▶ RECORDED DATA:

[Start of Attachment]

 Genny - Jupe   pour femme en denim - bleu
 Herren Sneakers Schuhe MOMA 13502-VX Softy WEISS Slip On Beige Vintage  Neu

[End of Attachment]
[Start of Attachment]

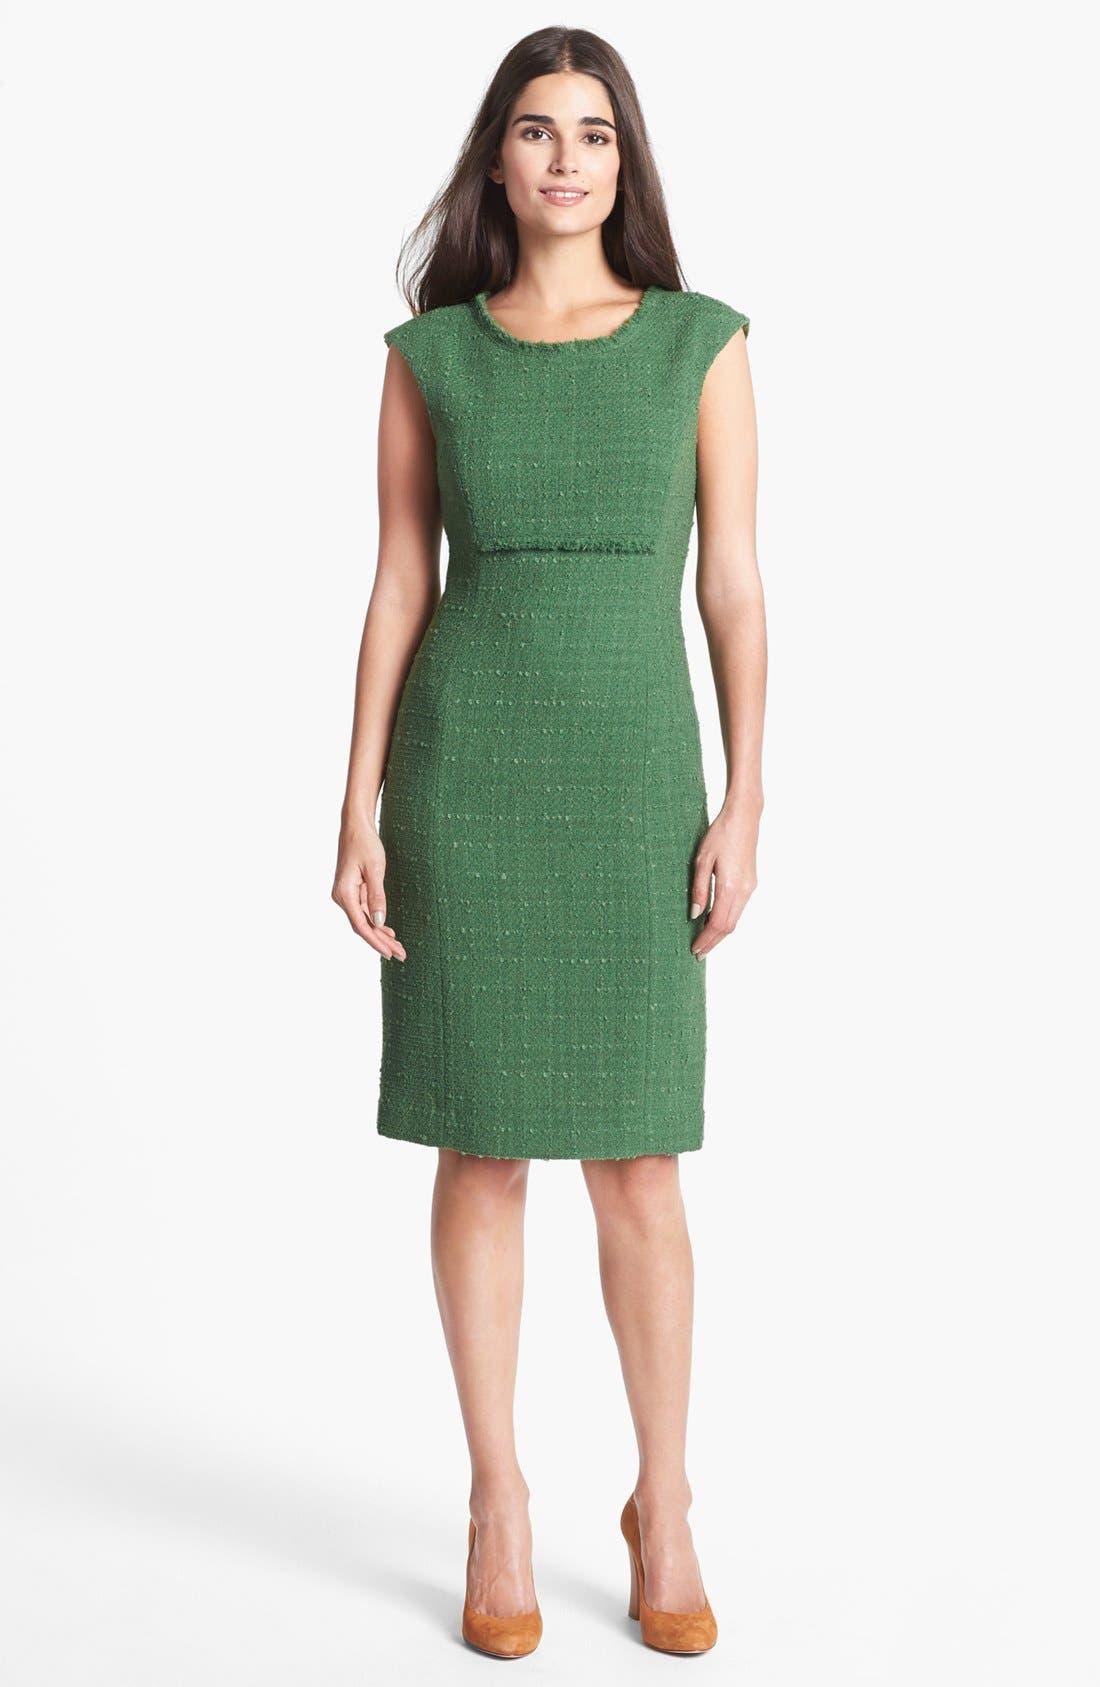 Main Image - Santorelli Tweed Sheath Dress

[End of Attachment]

▶ TASK DETAILS: The range runs from the line above containing "Genny - Jupe" to the line containing "Herren Sneakers Schuhe", inclusive. Restate those lines word for word and no others.

▶ RESULT OF THE TASK:
 Genny - Jupe   pour femme en denim - bleu
 Herren Sneakers Schuhe MOMA 13502-VX Softy WEISS Slip On Beige Vintage  Neu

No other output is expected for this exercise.